Pendleton Fire & Ambulance Chief Jim Critchley is retiring at the end of October after four years leading the department.
“I have mixed feelings. I’m really going to miss the people,” Critchley said. “I’ve been with the 31st largest fire department in the nation and now I’ve been with one of the smaller fire departments in the nation. I’ve represented fire chiefs all over the world. I would put the people associated with the Pendleton Fire Department on par with any I’ve come across.”
Critchley grew up in Southern Arizona and first joined the fire service in Tucson. He is not someone who grew up planning to be a firefighter. Critchley’s road to the fire service started with a job as a bartender and a conversation with three customers.
“Three guys sat at the bar. They told great stories, always had pretty girls, and I said, ‘I want to do what you guys do,’ and they said they worked for the fire department and asked if I’d like to join them. I did, and I loved it,” Critchley said.
Critchley was working full time as a firefighter in 1984. In 1988, he was hired by Tucson Fire Department as a firefighter, and he worked his way up the ladder.
Critchley became the Fire Chief of the Tucson Fire Department in 2011, overseeing 643 full-time personnel and 133 civilian employees. After seven years in the chief role – and 29 years with the department – Critchley retired in 2017 to spend time with his family and to focus on his health.
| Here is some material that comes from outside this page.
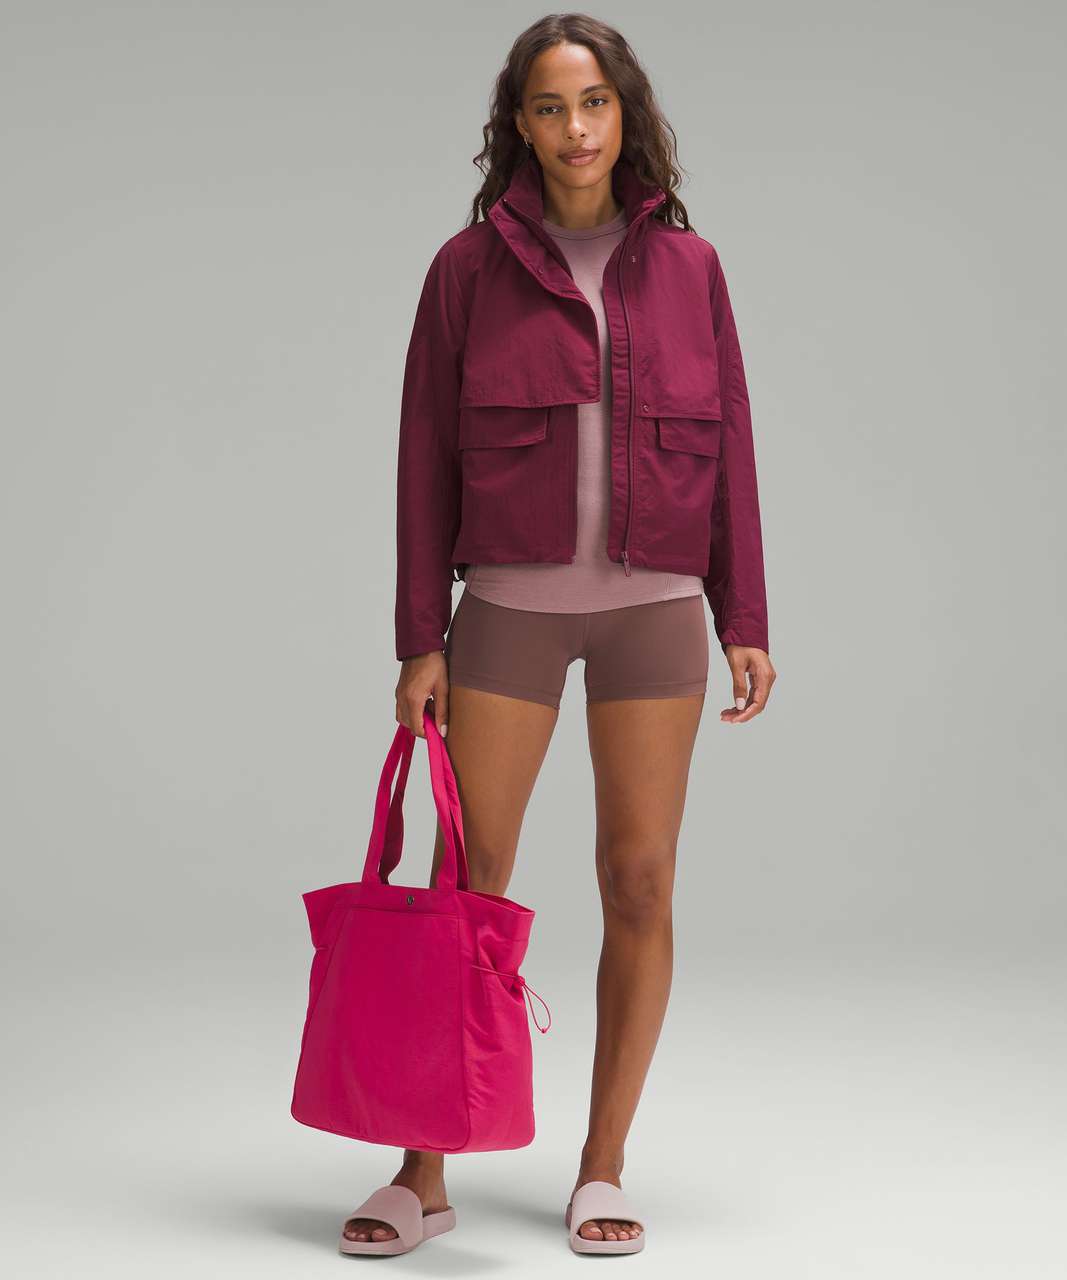 Lululemon Side-Cinch Shopper Bag 18L - Raspberry Coulis
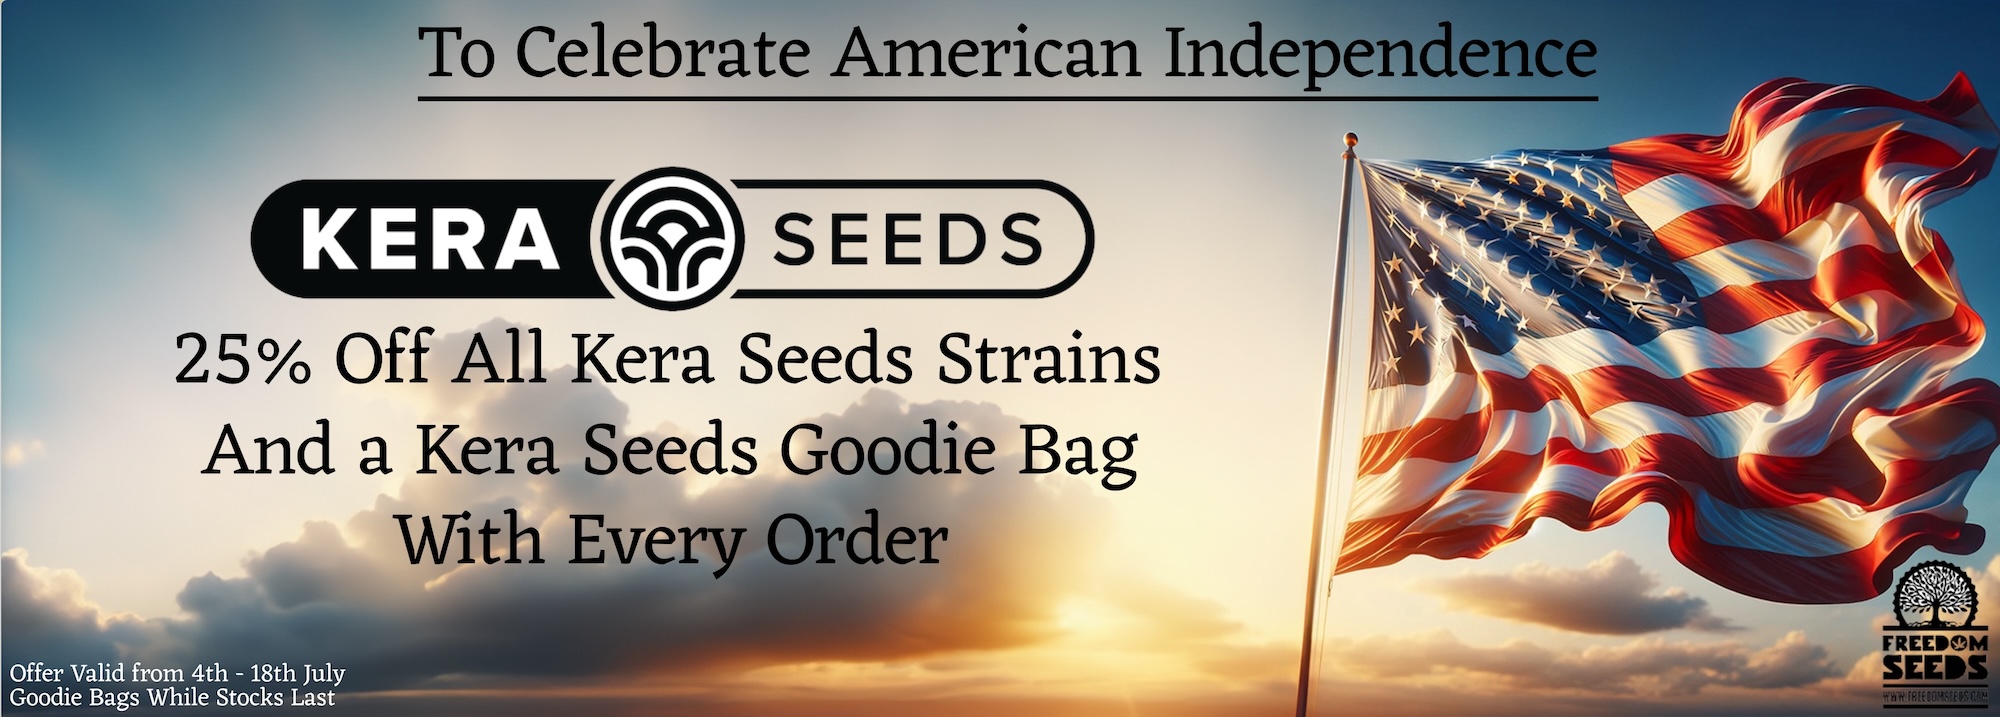 Kera Seeds America banner

“I thought I could retire, but within a month, I had another job,” Critchley said with a laugh. “It was basically a sales job, but I wasn’t as good at selling stuff as I wanted to be.”
A few years later, the Western Fire Chiefs Association contacted Critchley and said they had an opening for an interim chief in Pendleton, Oregon. Critchley was hired as the interim fire chief in August 2019 and was sworn in as the full-time chief in January 2020.
“I came to Pendleton because the Western Fire Chiefs asked me to help out. What made me stay is the people in this fire department, the people in the community, and the city manager who does the right things for the right reasons,” Critchley said.
Critchley said the thing he will miss the most is the people. What he won’t miss is the emotional weight of the position.
“There are 17,000 people in Pendleton that are counting on their fire department to show up every day,” he said. “When you’re running a business, running a department, running a city, there is this never-ending pressure to take care of the people that are working. It’s always there. I care about when firefighters get hurt. I care about the patients that we go to. I feel that, and it tends to weigh on you.”
Critchley is retiring at the end of October in order to complete a move to Arizona in time to spend the holidays with his family. Assistant Fire Chief Tony Pierotti will take over when Critchley leaves office.